Franceschi v. Harrah's Entertainment, Inc., 2011 WL 9305 (D. Nev.)
Franceschi claimed that Harrah’s California ads were deceptive in luring California players to Nevada, but have an undisclosed policy of barring “skillful” blackjack players (card counters), taking their pictures, and putting the pictures in a shared database for other casinos. He alleged that he was harmed by being barred from multiple casinos, including Harrah's Las Vegas, Caesar's Palace, Paris Las Vegas, the Rio All-Suites Hotel, and Harrah's Reno.
The court found that it had subject matter jurisdiction over Franceschi’s claims under California statutory and common law, but dismissed sua sponte for failure to state a claim.
An allegedly unfair or deceptive business practice can’t be the basis of a California cause of action if the conduct has been deemed lawful. Here, the allegations were “nothing more than a clever attempt to plead around the statutory bars to relief for exclusion of card counters.” The right to exclude others is a fundamental element of private property ownership, extending to gaming establishments. Thus, Nevada casinos are under no duty to admit card counters and may exclude them as a matter of business judgment. Though plaintiff alleged that defendants advertised services without the intent to sell them, he’s ultimately seeking redress for their exercise of their right to exclude him. He can’t plead around an absolute bar to relief by recasting his cause of action as one for unfair competition. (Really? If the ads communicate the message that everyone is welcome (on which I express no opinion), then they’re deceptive; it’s perfectly possible to deceptively advertise conduct that is in itself completely lawful, for example if I advertise that my car gets 40 mpg when really it gets 32 mpg. Suppose, hypothetically, that the ads said outright, “we don’t exclude anyone.” Is this lie immune?)
Even if his CLRA and UCL claims survived, they didn’t satisfy the “reasonable consumer” test requiring that members of the public are “likely to be deceived” by the conduct. A plaintiff must show that the practice at issue is likely to deceive the reasonable consumer to whom the practice was directed, a person of ordinary intelligence and not a small segment of the market.

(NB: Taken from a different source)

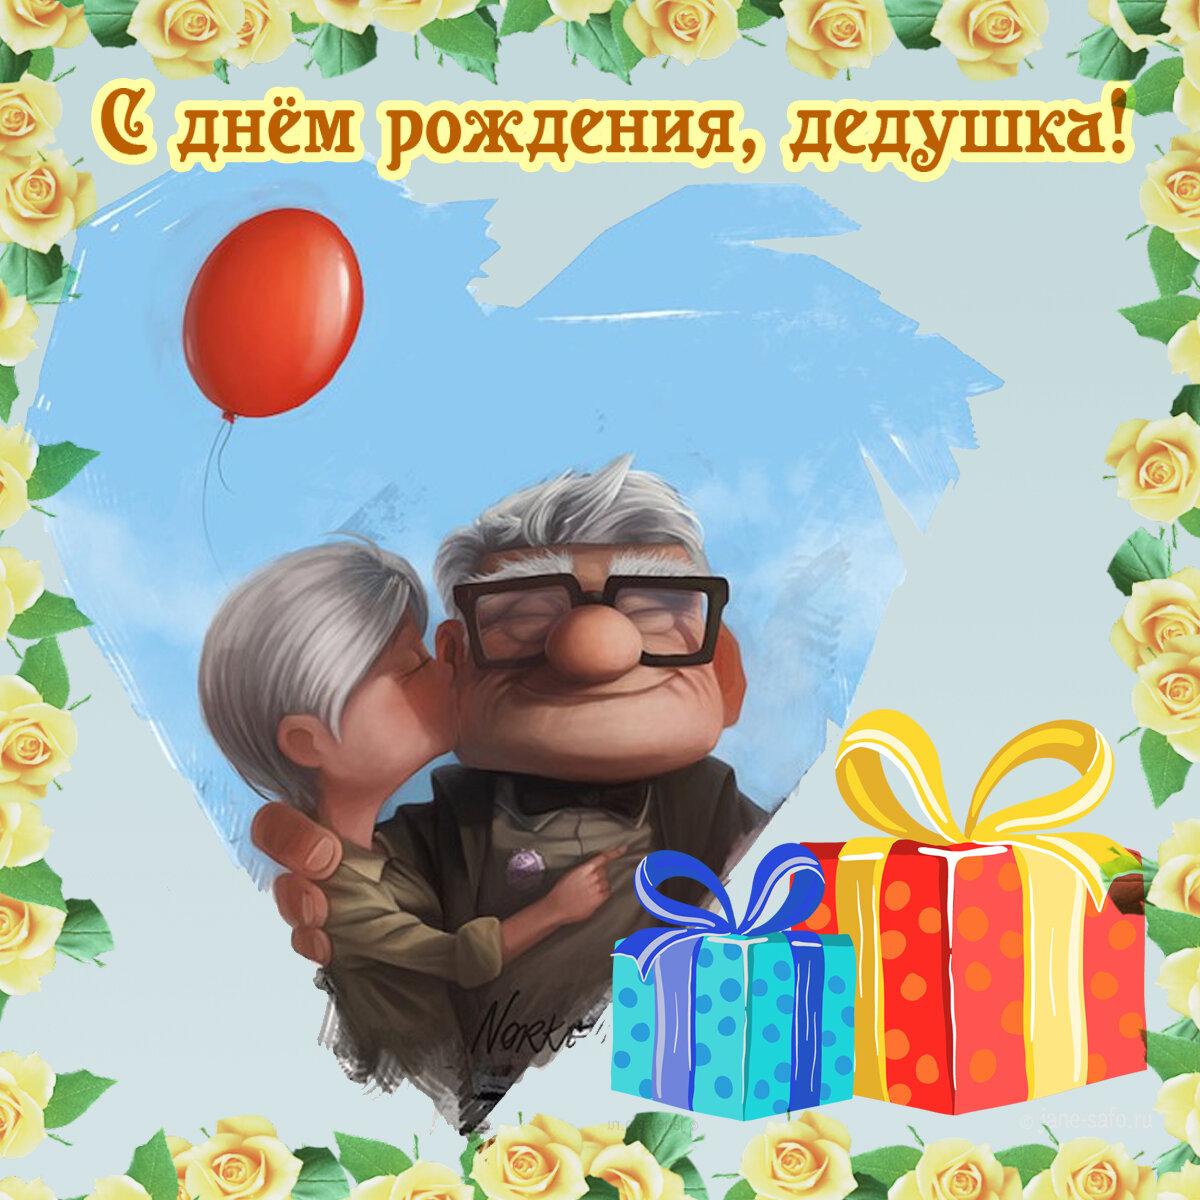 Поздравительные открытки для дедушки с днем рождения

Card counters can’t be categorized as reasonable consumers or ordinary consumers: “Skilled card counters employ their intellect and memory to develop the advanced ability necessary to track a casino dealer's cards and adjust their betting strategy. In doing so, card counters can overcome a casino's mathematical advantage and increase their odds of winning. Mastery of this complex practice clearly demonstrates natural aptitude and superior reasoning--and it is precisely because of these qualities that card counters can hardly be considered ordinary consumers who are likely to be decieved by Defendants' advertisements.”
Okay, this is bizarre (I will set aside here what the court apparently “knows” to be true about card counters' natural talents under Iqbal and Twombly, but this would be a good example of a case where the judge’s view of the world leads the court to reach far beyong the pleadings). I would readily accept the argument that, by virtue of the specialized training required to be a good card counter, card counters know that casinos try to exclude them and therefore can’t be fooled by general welcoming ads. Natural aptitude and superior reasoning about card sequences confer no general advantage in interpreting ads, however, and in fact the kind of literal mathematical reasoning used to count cards would probably, if applied to ads, lead a person to multiple errors given that ads routinely rely on pragmatic implication rather than strict formal logic. Smart in one area, smart in all is a terrible rule, and the better-reasoned cases involving highly trained individuals such as doctors (and lawyers) point out that it’s possible to fool them too, especially in areas outside their expertise (such as interpreting ad claims)—in fact, I’ve read that doctors are great targets for financial scams, precisely because they’re so confident of their own intelligence and capabilities but have limited relevant knowledge.
Anyway, the court went on, “the level of skill required in this practice ensures that card counters do not comprise a sizeable part of the population. Thus, Franceschi cannot show that card counters amount to more than a small segment of expert blackjack players--not the general body of reasonable consumers who the CLRA and UCL protect.” There was no allegation that defendants directed their ads towards card counters. Thus, the ads would not deceive reasonable consumers.
Common law fraud in California requires misrepresentation, scienter, intent to induce reliance, justifiable reliance, and resulting damage. Silence alone is generally not actionable, absent half-truth or a confidential relationship between the parties. Plaintiff’s common law claims failed as a matter of law because defendants didn’t owe him any duty to disclose that card counters could be excluded. Nor could a card counter ever show justifiable reliance.